The best of Italy – the coastline, the mountains, the medieval towns off the tourist trail, the vineyards, the national parks – is spread across a landscape that assumes you can drive. There’s no practical way to discover the real Italy, the Italy that exists beyond the historic centres and the main piazzas, without the freedom to go where you want when you want.

And there’s a social cost too. Italians are spontaneous. “Andiamo?” – let’s go – is not a phrase that works well when you’re waiting for the last bus home at 8pm. If your social life depends entirely on being somewhere you can reach on foot, it gets small very quickly.

If You’re Not Ready for a Car Yet: Some Options

If you’re in the early stages of your move and need to sort transport before you’ve sorted the licence situation, there are a few options worth knowing about.

Long-term car rental has grown significantly as an option in Italy. Companies like SIXT offer extended rental periods that can work for a few months while you settle in. For expats who aren’t yet residents – or who want a hassle-free arrangement without dealing with Italian insurance, bollo (road tax), and maintenance – noleggio a lungo termine (long-term rental, often called NLT) is worth exploring. The biggest player in Italy is Leasys (part of the Stellantis group), which offers contracts typically from 24 to 60 months that bundle insurance, maintenance, and roadside assistance into a single monthly fee. Hertz, Avis, og Europcar all operate in Italy and offer extended rental options too. For non-EU residents who haven’t yet established residency, European lease programmes through Auto Europe eller Motorvana can offer a tax-efficient way to have a vehicle for a medium-term stay. Worth getting a few quotes and comparing, as the options and costs vary considerably depending on your situation.

The Bottom Line

Living in Italy without a car is muligt. In the right city, in a central location, for a certain kind of daily life, it can even be comfortable. But it comes with real constraints, and most of the expats I’ve spoken to who tried it eventually got a car anyway.

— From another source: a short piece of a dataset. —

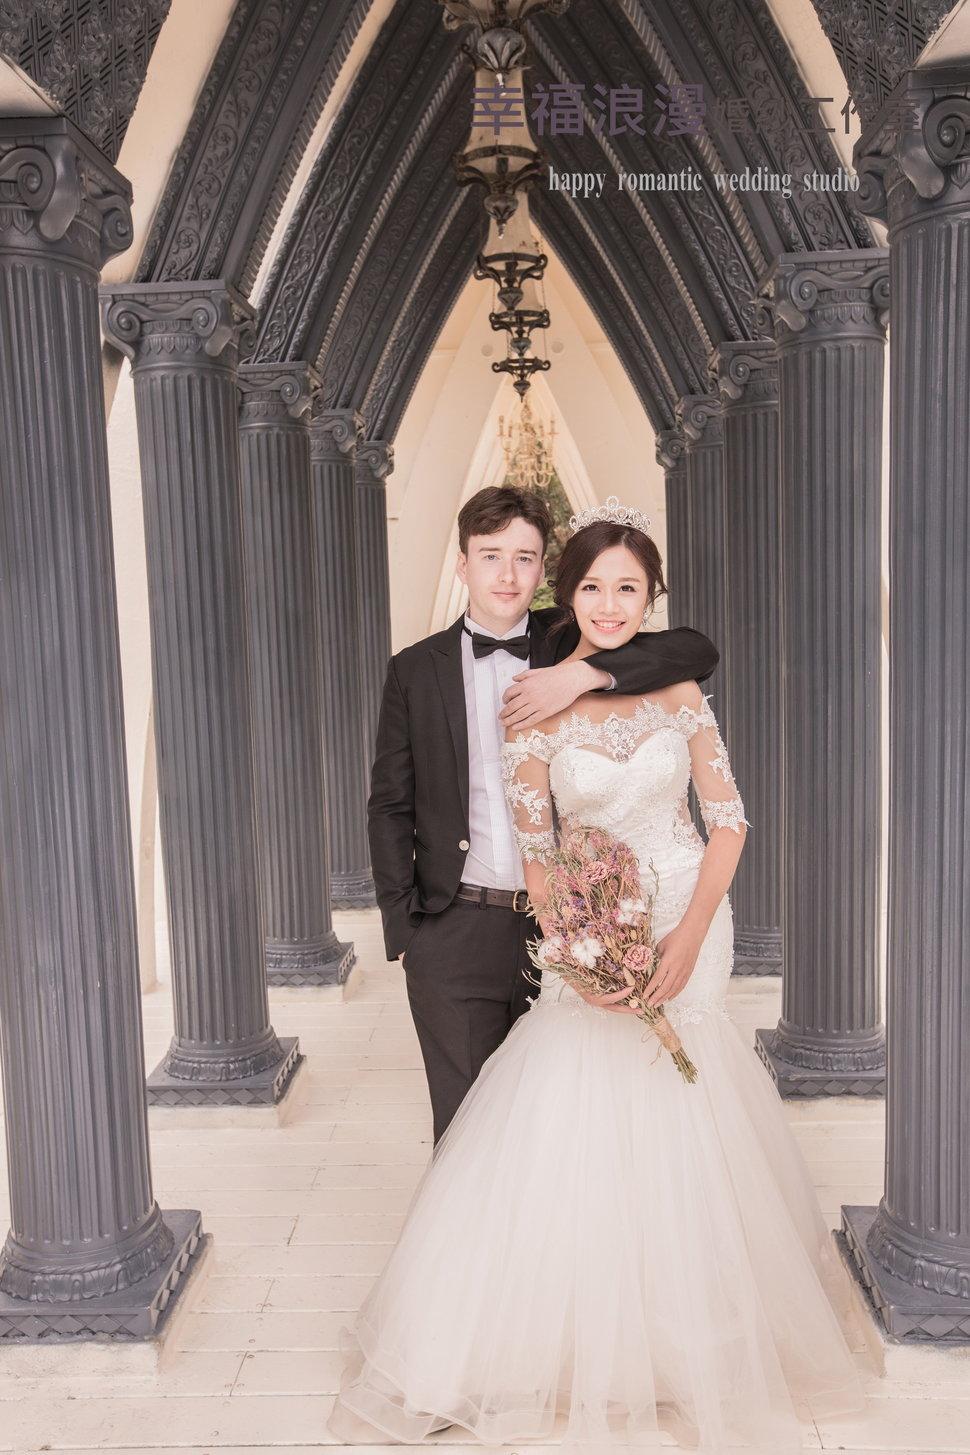 5G3A6939-1_調整大小 - 幸福浪漫婚紗工作室 韓式婚紗攝影《結婚吧》

Italy is not a country that has invested uniformly in offentlig transport, and outside the major cities, the network reflects that. Buses stop early. Trains skip small towns. The countryside – which is half the reason people move here – is almost entirely car country.

If the driving licence process feels daunting, we’ve got a Fuld guide on what it actually involves. But my honest advice? Factor it in from the start. Deal with the licence, sort a car, and give yourself the full Italy – not just the version you can reach on foot.

Bo i Italien uden bil
Is It Really Possible to Live in Italy Without a Car?